Jakarta, CNN Indonesia -- Bos Sentul City sekaligus bekas Presiden Direktur PT Bukit Jonggol Asri Kwee Cahyadi Kumala alias Swie Teng mengalami depresi ketika mendekam di rumah tahanan Komisi Pemberantasan Korupsi (KPK). Kuasa hukumnya, Bambang Hartono, meminta pemindahan kliennya ke rutan Salemba.
"Kami mohon mengajukan pindah, sebelumnya di rutan KPK ke rutan Salemba," ujar Bambang saat akhir sidang pembacaan terdakwa di Pengadilan Tindak Pidana Korupsi, Jakarta, Rabu (18/2).
Selain mengalami depresi, Swie Teng juga memiliki penyakit jantung dan insomnia. Padatnya rutan KPK menjadi salah satu faktor. "Di rutan KPK tidak cukup memberikan ruang udara karena rutan KPK full," ujarnya.
ADVERTISEMENT
SCROLL TO CONTINUE WITH CONTENT
Bambang menuturkan, cuaca sedang tidak mendukung untuk berolahraga di luar ruangan. Sementara tak ada ruang kosong yang lapang di dalam ruangan. Praktis, waktu olahraga selama 1,5 jam selama tiga kali dalam sepekan pun terbuang.
Menanggapi permohonan Swie Teng, Hakim Ketua Sutiyo Jumadi menuturkan akan berkoordinasi dengan tim jaksa KPK. "Walau kewenangan majelis unuk memindahkan rutan tapi jaksa sebagai eksekutor, kami akan berkoordinasi.

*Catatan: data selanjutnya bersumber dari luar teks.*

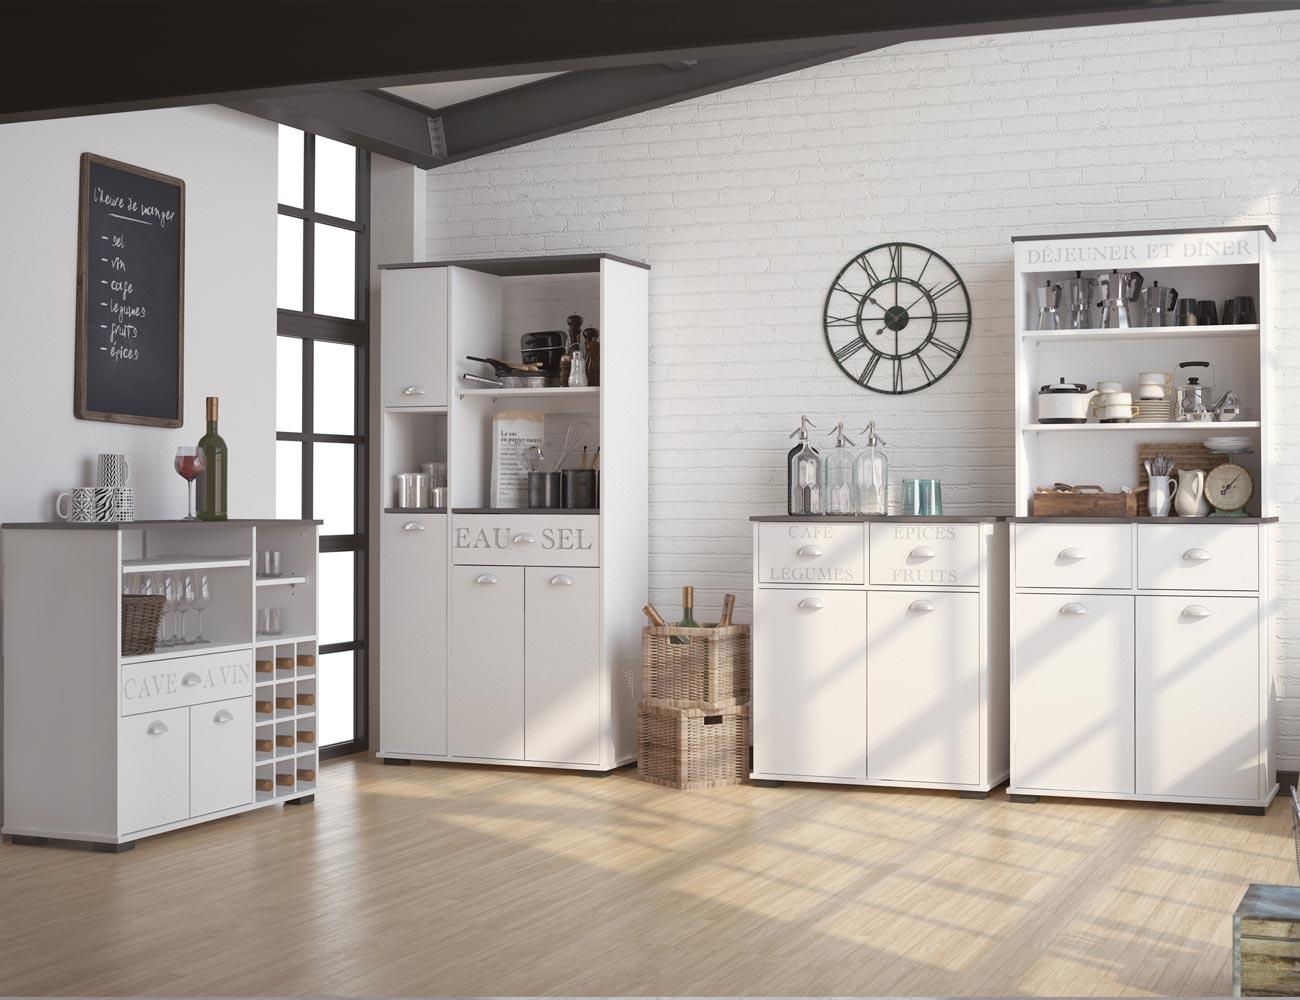 Mueble buffet de cocina de 180 cm de alto 3416 factory for Buffet cocina mueble
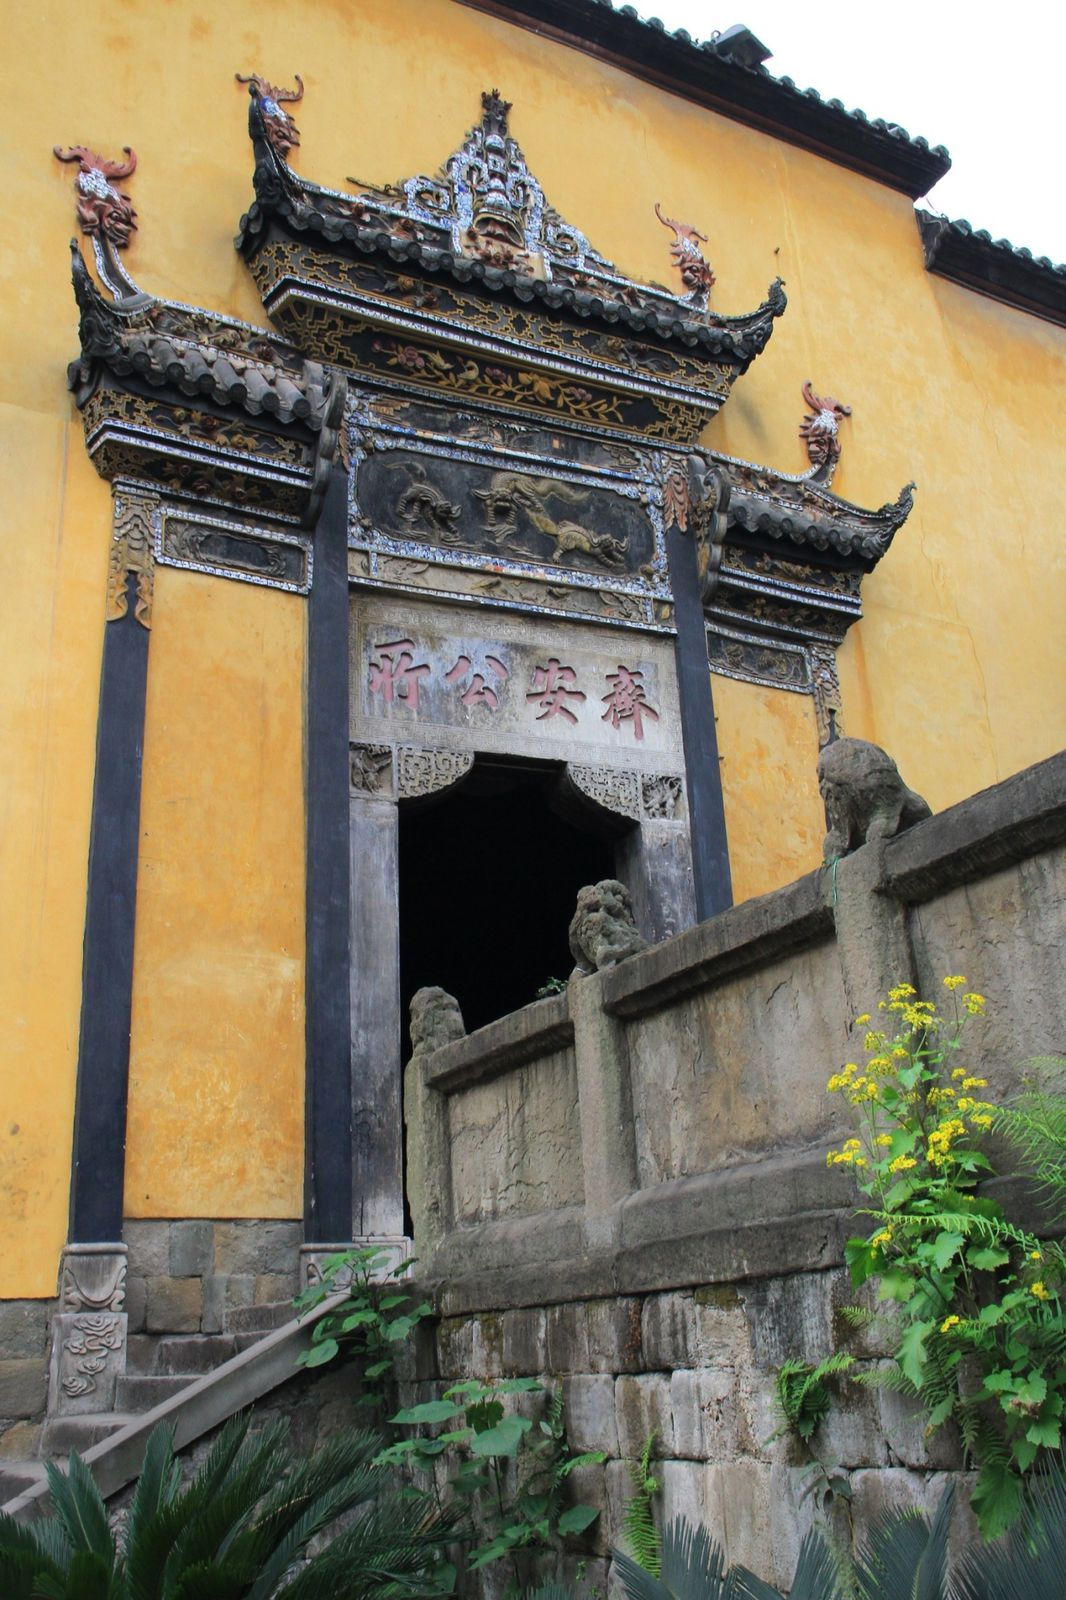 La maison de la guilde (湖广会馆).

Kalau jaksa menyetujui, nanti kami akan koordinasikan," kata Sutiyo.
Pertimbangan hakim dan jaksa, persidangan kasus korupsi yang sedang diusut harus selesai kurang dari sembilan bulan. Efisiensi waktu pun dibutuhkan. Perjalanan dari Rutan Salemba menuju Pengadilan Tipikor dinilai membutuhkan waktu yang lebih lama ketimbang dari Rutan KPK.
Mencari jalan tengah, jaksa mengusulkan pemindahan ke Rutan Guntur KPK. "Untuk kepentingan pemeriksaan di persidangan, perhitungan lebih dekat, ada KPK cabang Guntur, udaranya mungkin lebih baik. Posisi rutan juga lebih dekat ke pengadilan. Tapi kami menyerahkan ke hakim," ujarnya.
Swie Teng ditetapkan sebagai tersangkalantaran merintangi penyidikan dan memengaruhi saksi-saksi di persidangan. Surat perintah penyidikan dikeluarkan pada 26 September 2014, empat hari sebelum dia akhirnya dijemput paksa.
Cahyadi tersangkut kasus tukar guling hutan Bogor karena diduga menyuap bekas Bupati Bogor Rahmat Yasin untuk mewujudkan ambisinya membangun kota satelit Jonggol City. Ijon itu diserahkan kepada Rahmat untuk mempercepat terbitnya rekomendasi tukar-menukar kawasan hutan atas nama PT BJA seluas 2.754 hektare.
Dia dijerat Pasal 5 ayat 1 huruf a atau b dan Pasal 21 Undang-Undang Nomor 31 Tahun 1999 sebagaimana diubah dalam Undang-Undang Nomor 20 Tahun 2001 tentang Pemberantasan Tindak Pidana Korupsi.